Please explain statistical modeling to an SQL Developer

predictive_model
python
statistics

#1

Sup guys!!
I am a Business Intelligence and data architect carrying experience into the field of data analytics, ETL and reporting of more than 10 years, and still have following lame questions regarding statistical models; I am really keen for the meaningful answers. (Apologies if you feel these are very-very basic questions, and I should know about it- sadly I have very limited idea on it)
I have very strong hold over SQL, ETL, data visualization and reporting technologies (9.5/10).

What are Predictive/statistical models?

• Is it series of instructions like a normal Program written in any programing language like C or SQL?
• If it’s a program, why can’t we use stored procedures?
• Why R/Python is ideal language for them?

What is its ideal/actual output of statistical model?

• I have vague idea of its output, like it provides some sort of score against various criteria for each line item/sample data (Feel free to correct me)

What is “Training model”?

• No idea at all, or I don’t know how to express my knowledge. I know little bit about it and even worked closely with people (team of young data scientists- fresh out of grad schools) who are actually using data I have provided to train their model, still I do not have any clue what the heck they do when they mean they are “training their models”


#2

Hi @kotvir

What are Predictive/statistical models?

  • Suppose you have are given a data with details of a person’s loan history, like his loan amount, EMI, etc and the requirement is to find out (or predict) whether the loan will be approved or not. For this task, you will need to use predictive models which use the given data to predict the result.

  • We cannot use stored procedures because if the data changes, or suppose the details for a new person our added, our model should consider that and work accordingly.

  • Python and R have specially designed packages for statistical computing and predictive modeling and hence are extensively used.

What is its ideal/actual output of statistical model?

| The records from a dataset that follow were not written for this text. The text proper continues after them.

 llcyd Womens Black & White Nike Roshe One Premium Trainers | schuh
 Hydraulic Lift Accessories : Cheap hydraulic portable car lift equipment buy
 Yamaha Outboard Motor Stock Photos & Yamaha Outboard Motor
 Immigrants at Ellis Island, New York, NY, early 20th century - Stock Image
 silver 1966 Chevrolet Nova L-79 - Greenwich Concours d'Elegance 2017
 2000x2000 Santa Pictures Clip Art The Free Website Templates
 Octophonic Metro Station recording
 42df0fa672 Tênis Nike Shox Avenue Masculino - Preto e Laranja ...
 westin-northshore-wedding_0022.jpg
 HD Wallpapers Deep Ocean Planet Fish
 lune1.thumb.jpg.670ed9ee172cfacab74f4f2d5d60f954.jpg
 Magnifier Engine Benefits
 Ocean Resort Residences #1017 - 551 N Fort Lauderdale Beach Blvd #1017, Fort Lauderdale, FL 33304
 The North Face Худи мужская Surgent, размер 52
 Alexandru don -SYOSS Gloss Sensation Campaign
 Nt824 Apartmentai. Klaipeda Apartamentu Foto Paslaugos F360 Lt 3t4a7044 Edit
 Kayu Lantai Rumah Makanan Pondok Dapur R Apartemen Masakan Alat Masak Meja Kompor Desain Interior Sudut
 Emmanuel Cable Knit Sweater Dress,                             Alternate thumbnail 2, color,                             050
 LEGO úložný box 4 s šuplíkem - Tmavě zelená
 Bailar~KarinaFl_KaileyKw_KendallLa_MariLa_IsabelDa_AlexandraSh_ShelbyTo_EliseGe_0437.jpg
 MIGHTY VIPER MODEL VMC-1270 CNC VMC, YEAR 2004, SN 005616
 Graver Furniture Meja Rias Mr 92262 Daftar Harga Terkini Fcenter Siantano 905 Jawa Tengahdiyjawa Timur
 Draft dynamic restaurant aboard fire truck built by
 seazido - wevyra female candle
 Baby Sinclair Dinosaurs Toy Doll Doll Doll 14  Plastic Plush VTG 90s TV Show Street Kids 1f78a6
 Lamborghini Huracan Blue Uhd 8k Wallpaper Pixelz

  • Considering the previous example, you need to predict whether the loan will be approved or not. So the output of your prediction could be 0 or 1.

  • The predicted values are checked against the actual values for each row, to find how good the model is. So higher the score, better is the model. There are various metrics you can use to determine the performance of your model.

  • Also, the output for each row are the predicted values 0 or 1, while score is for the overall model performance.

What is “Training model”?

  • So when you provide the data, it contains the details of each person along with the result (that is whether his loan was approved or not). This is basically like knowing what has happened in the past cases and use this knowledge to predict values for a new case.

  • Suppose your model knows that a person with x loan amount and y EMI in the past didn’t get a loan. If a similar case occurs for the next person, you model can predict that the answer is 0.

  • In short, the data has two parts, train data and test data. Train data has the details along with the actual value (loan approved or not) while the test data only has the details (you have to predict whether the loan will be approved or not). So you will train the model on train data and use this model to predict the values for test data.